Getting back to your test light that you want to use in place of the fuse, that bulb is much too small and has too much resistance. Most test lights draw less than a quarter amp. Given their high resistance in relation to the circuit you're testing, most of the 12 volts will be dropped across it, even when there is no short further down in the circuit. The bulb will be near full brightness when the circuit has no defect, so you won't get the desired indication of when a defect is removed.
Even my brake light bulb is too small for working in a high-current circuit like for a heater fan motor or head light circuit. This is where I plugged more bulbs into my Viper harness. All of them together would allow just over four amps to flow.
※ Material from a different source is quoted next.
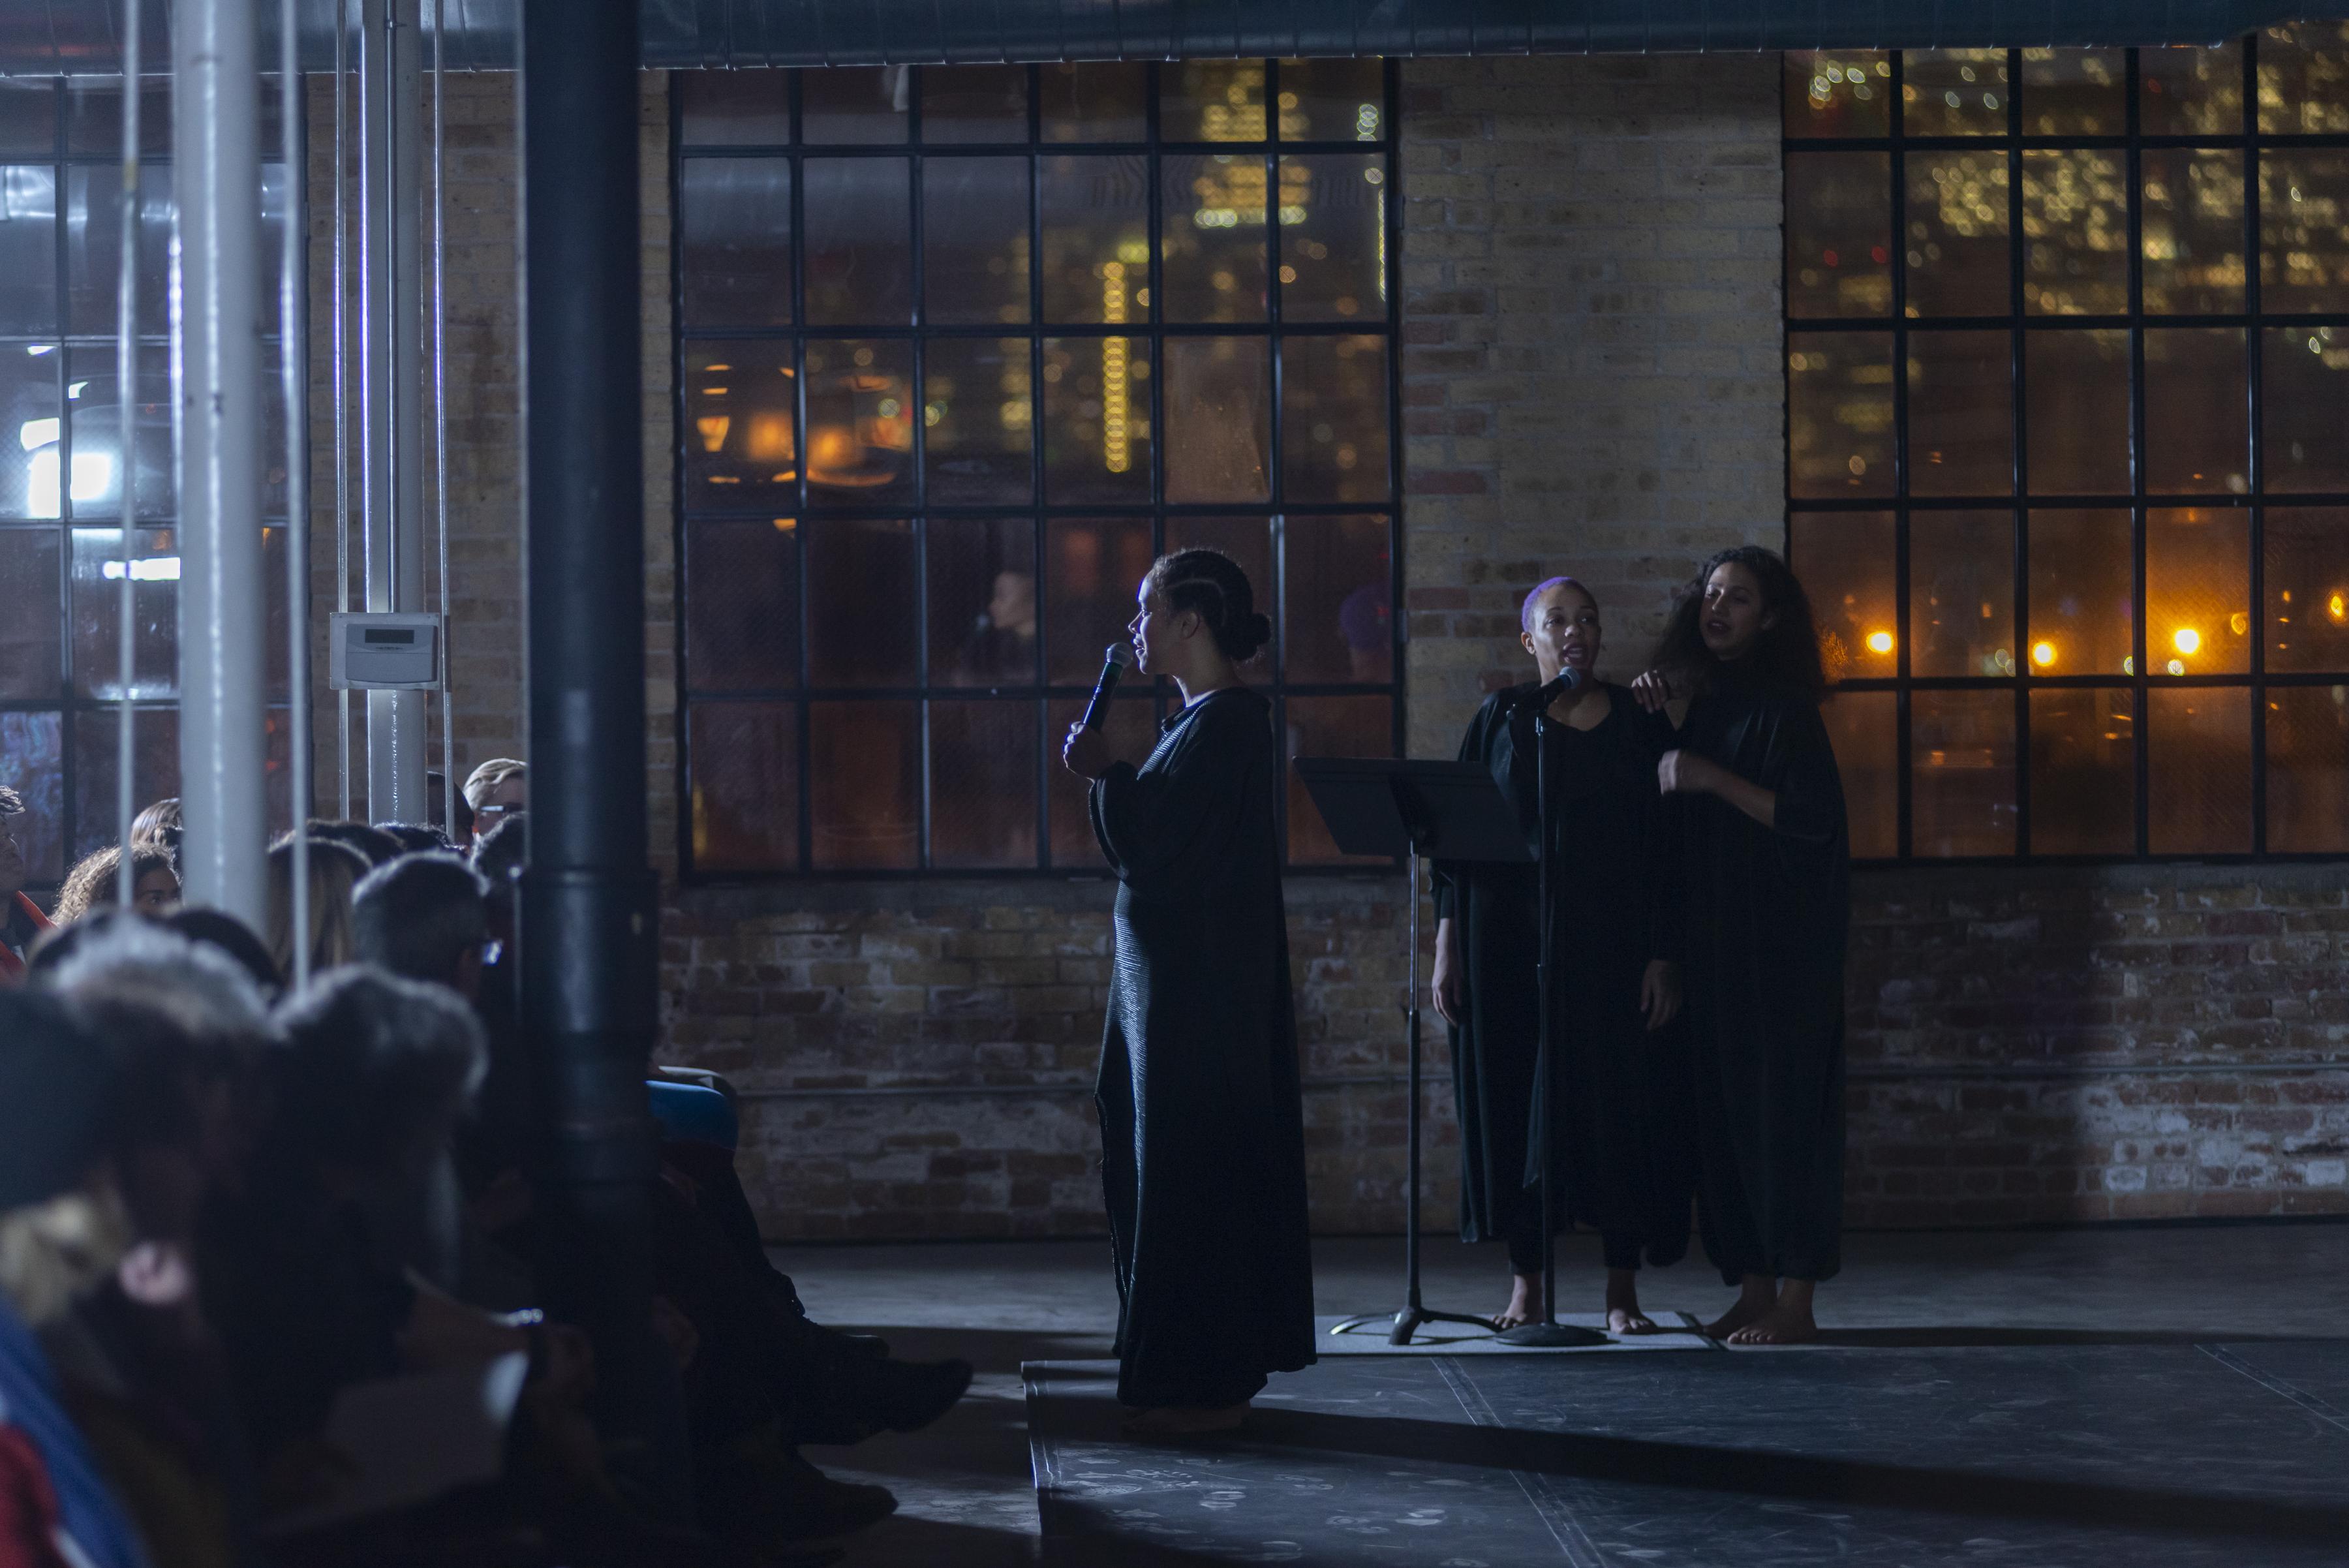 Before an audience, a person in a long, dark robe holds a microphone as two barefoot people in dark robes sing in the background.

If you need more than that, a low-beam head lamp bulb will pass five amps, and a high-beam is good for six amps. If you had a short in a heater fan circuit, for example, that motor might draw ten amps at a mid speed. A brake light bulb in place of the fuse would limit current to one amp. When the short is removed, the expected clue is the motor will run very slowly, but that tiny bulb limits current too much for that to happen. You need the head light bulb in place of the fuse. That will pass enough current for the motor to run fast enough for you to know it's running. If the short occurs again, the five amps the bulb will pass is not nearly high enough to overheat any wire in a car.
Keep in mind that the information I just posted took about six weeks to get to in my eight-week-long Automotive Electrical class. By that time we had covered basic electrical theory over and over until everyone got it. This is a very hard subject to learn for people who learn best by taking things apart. People who are good at visualizing abstract ideas learn this material easier, so don't sit in a corner and whimper if it doesn't make sense.
Okay, my fingertips are sore from pounding on this miserable keyboard. My next step, while waiting for you to try out this wondrous trick, is to look at the wiring diagram to see what else is involved with the instrument cluster. I'll be back tomorrow to see how you're doing.
Thursday, December 29th, 2016 AT 6:12 PM